Manual review of these isolated hits shows them to be obviously dissimilar (Additional file 2: Figure S2a) due to features ignored by Dali’s distance matrix metric, such as gaps, context, and handedness. There is one non-Oxa1 hit that tops multiple queries, APH-1 (5a63C; Additional file 2: Figure S2b). However, only two of the four aligned TMHs are conserved by the prokaryotic proteases from which APH-1 descends [58, 59], so the part of this alignment relevant to pre-cenancestral events is negligible. To test the sensitivity of these results to our choice of queries (6fti N and 6itc C), selected above for maximum symmetry, we repeated them with the opposite half of each structure (6fti C and 6itc N), with similar results. These results show that the SecY halves are more structurally similar to the Oxa1 superfamily than any other. This result is evident even if one considers only the queries with full N- and C-halves and thus does not depend on treating H1/4/5 as a subdomain.

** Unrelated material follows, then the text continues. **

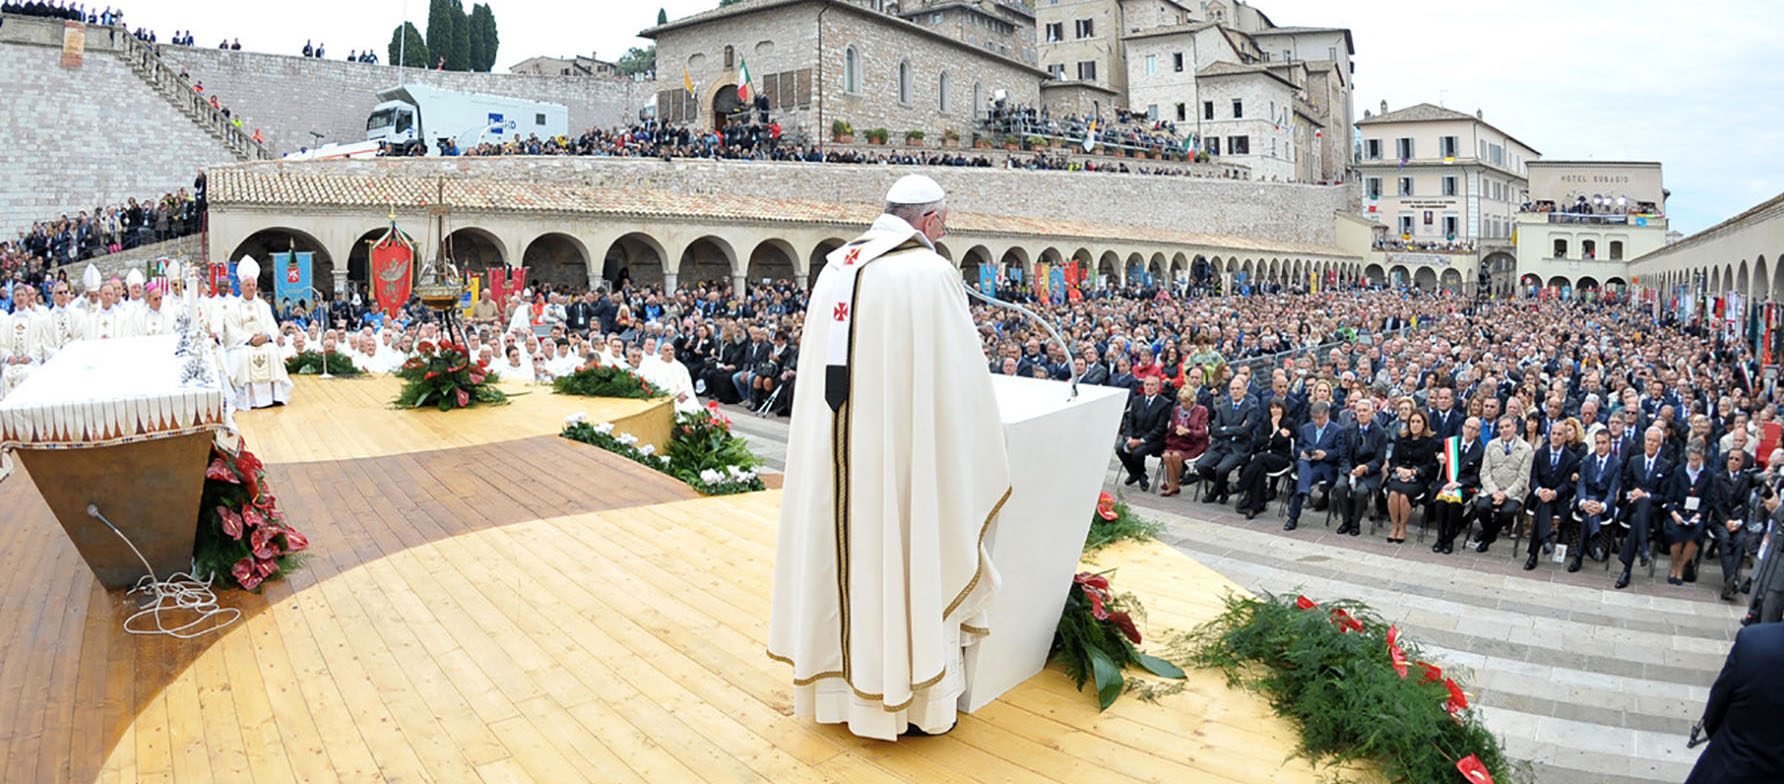 Le pape, ici en octobre 2013, se rendra à Assise le 12 novembre prochain dans le cadre de la 5e Journée mondiale des pauvres | © Keystone/AP

In the H1/4/5 queries, the Oxa1 superfamily hits rank even higher than some SecY hits, and have Dali Z-scores 4.2 to 5.6 standard deviations above the mean, i.e. p = 0.0081 to 0.0014. These p values mean that Dali predicts one would find an unrelated cenancestral protein this similar if the cenancestor contained 0.0014−1 ≈ 700 or more homology candidates (multi-pass helical IMPs non-redundant at 25% identity). For scale, E. coli contains ~ 550 such proteins. Fewer such proteins can be confidently assigned to the cenancestor [1, 2], but the uncertainties involved are large. Thus, if one weighed no other comparisons between SecY and Oxa1 besides this Dali p value, it alone may not provide strong evidence for homology. But as detailed in subsequent sections, SecY is uniquely similar to Oxa1 in several additional ways. In quantitative terms, this means that the Dali p value can be combined with p values expressing the rarity of these non-Dali similarities (~10−4 in the PDB25). Thus, the totality of evidence provides stronger statistical support for homology than the Dali search results alone.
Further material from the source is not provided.